• [Task description]: Restate the data word for word. Leave the pictures out.

BEGIN Information provided

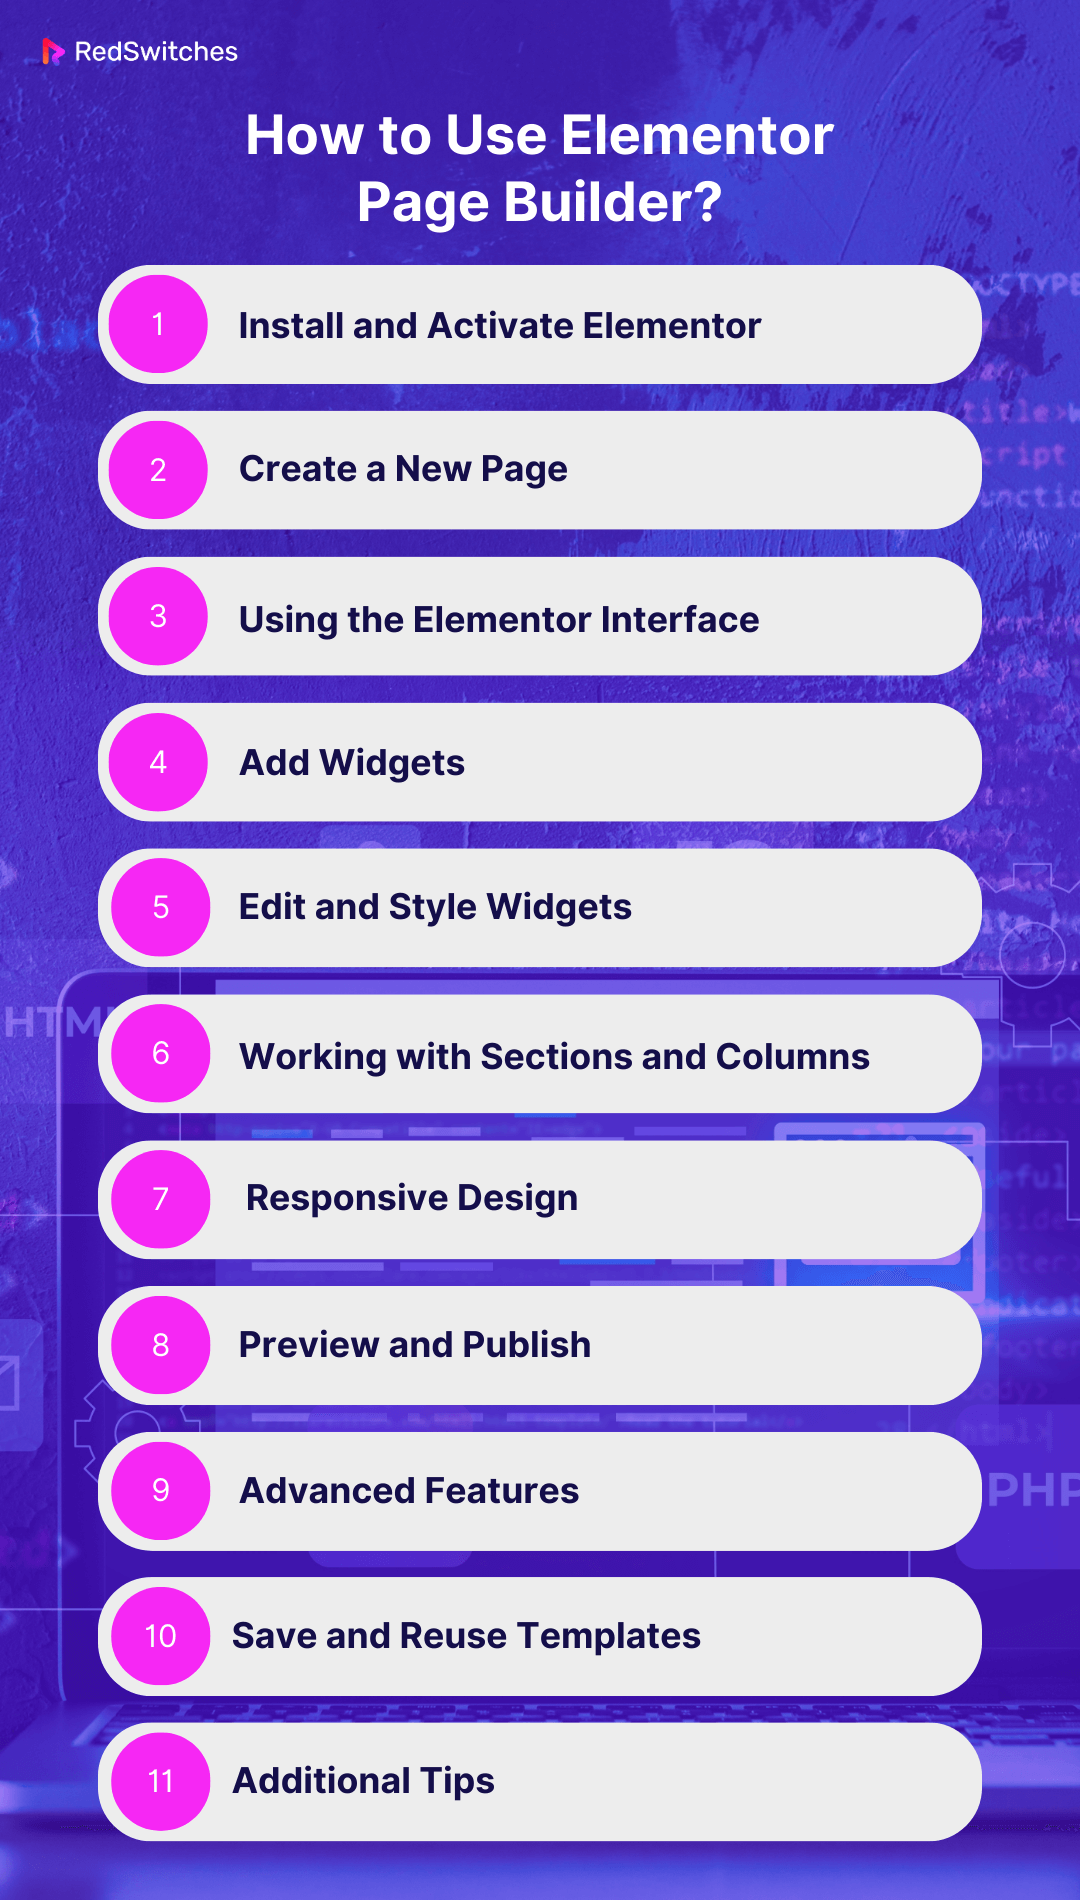 How to Use Elementor Page Builder
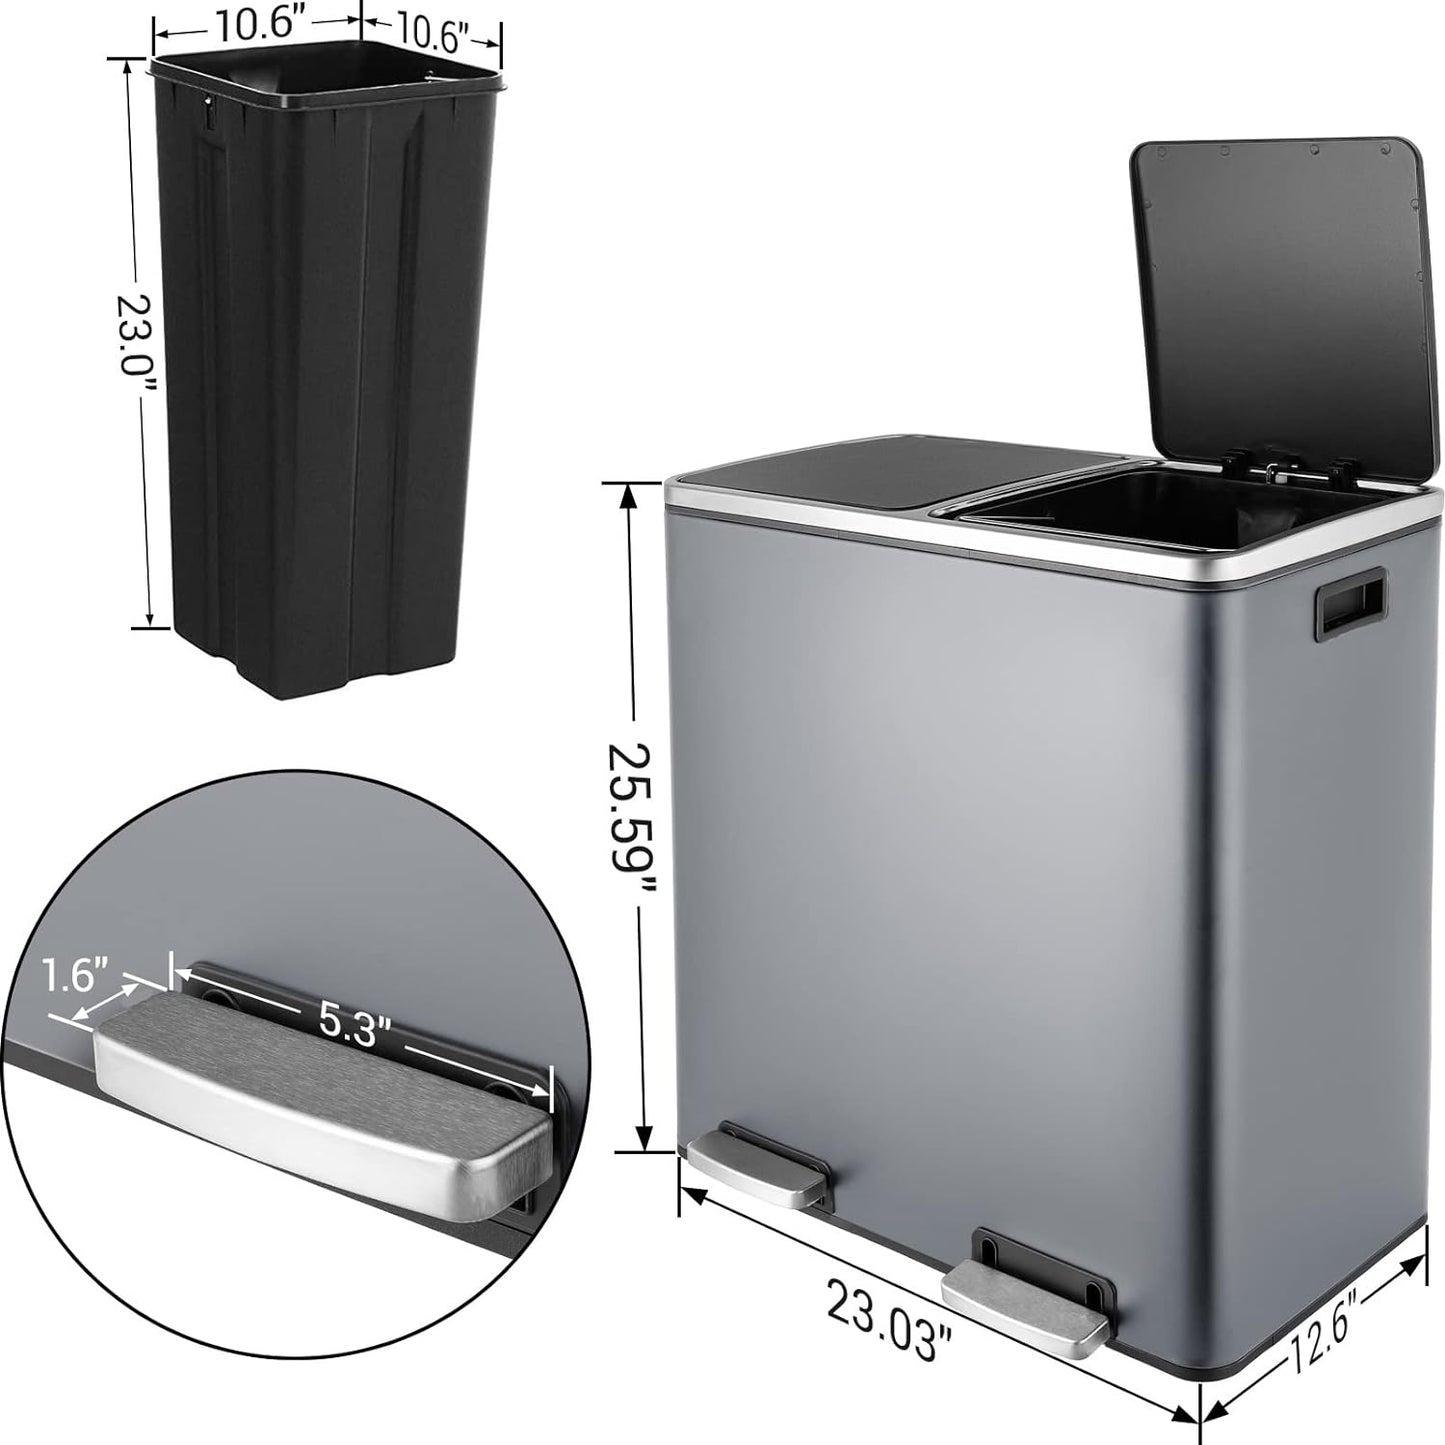 Arlopu 60 Liter / 16 Gal Dual Trash Can, Stainless Steel Kitchen Garbage Can, Double Compartment Classified Rubbish Bin, Recycle Dustbin with Plastic Inner Buckets, Soft-Close Lid
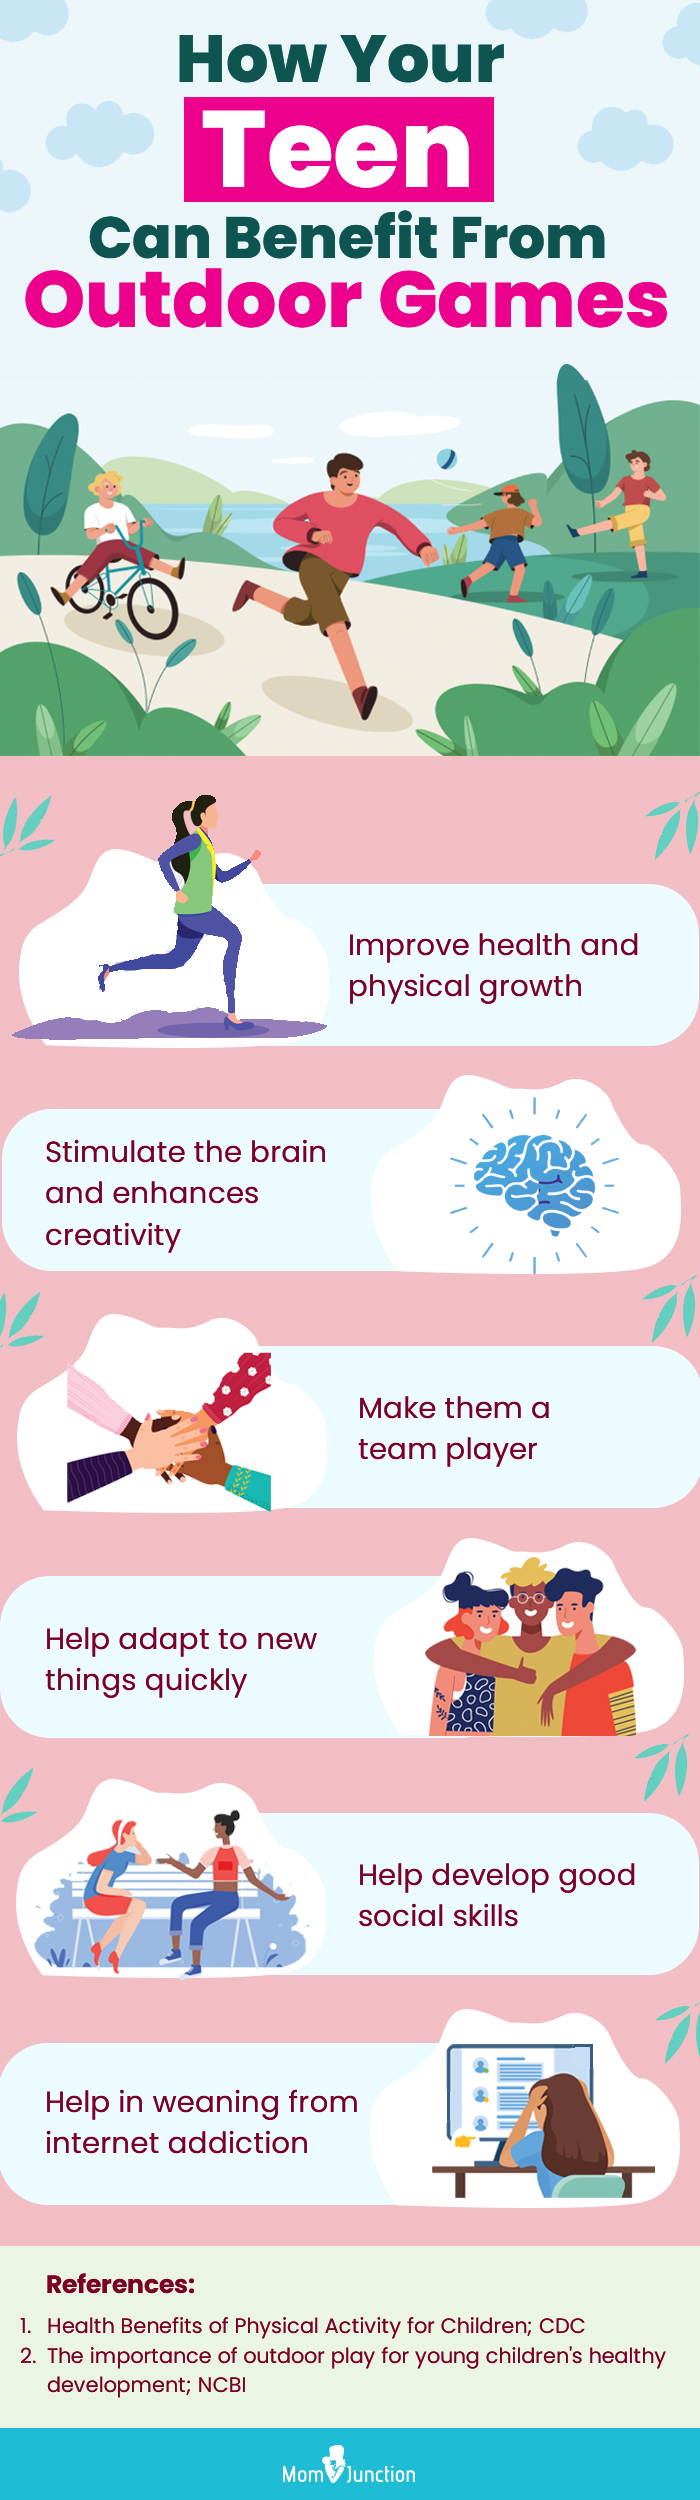 how your teen can benefit from outdoor games (infographic)

END Information provided

• [Result]:
 How to Use Elementor Page Builder
 Arlopu 60 Liter / 16 Gal Dual Trash Can, Stainless Steel Kitchen Garbage Can, Double Compartment Classified Rubbish Bin, Recycle Dustbin with Plastic Inner Buckets, Soft-Close Lid
 how your teen can benefit from outdoor games (infographic)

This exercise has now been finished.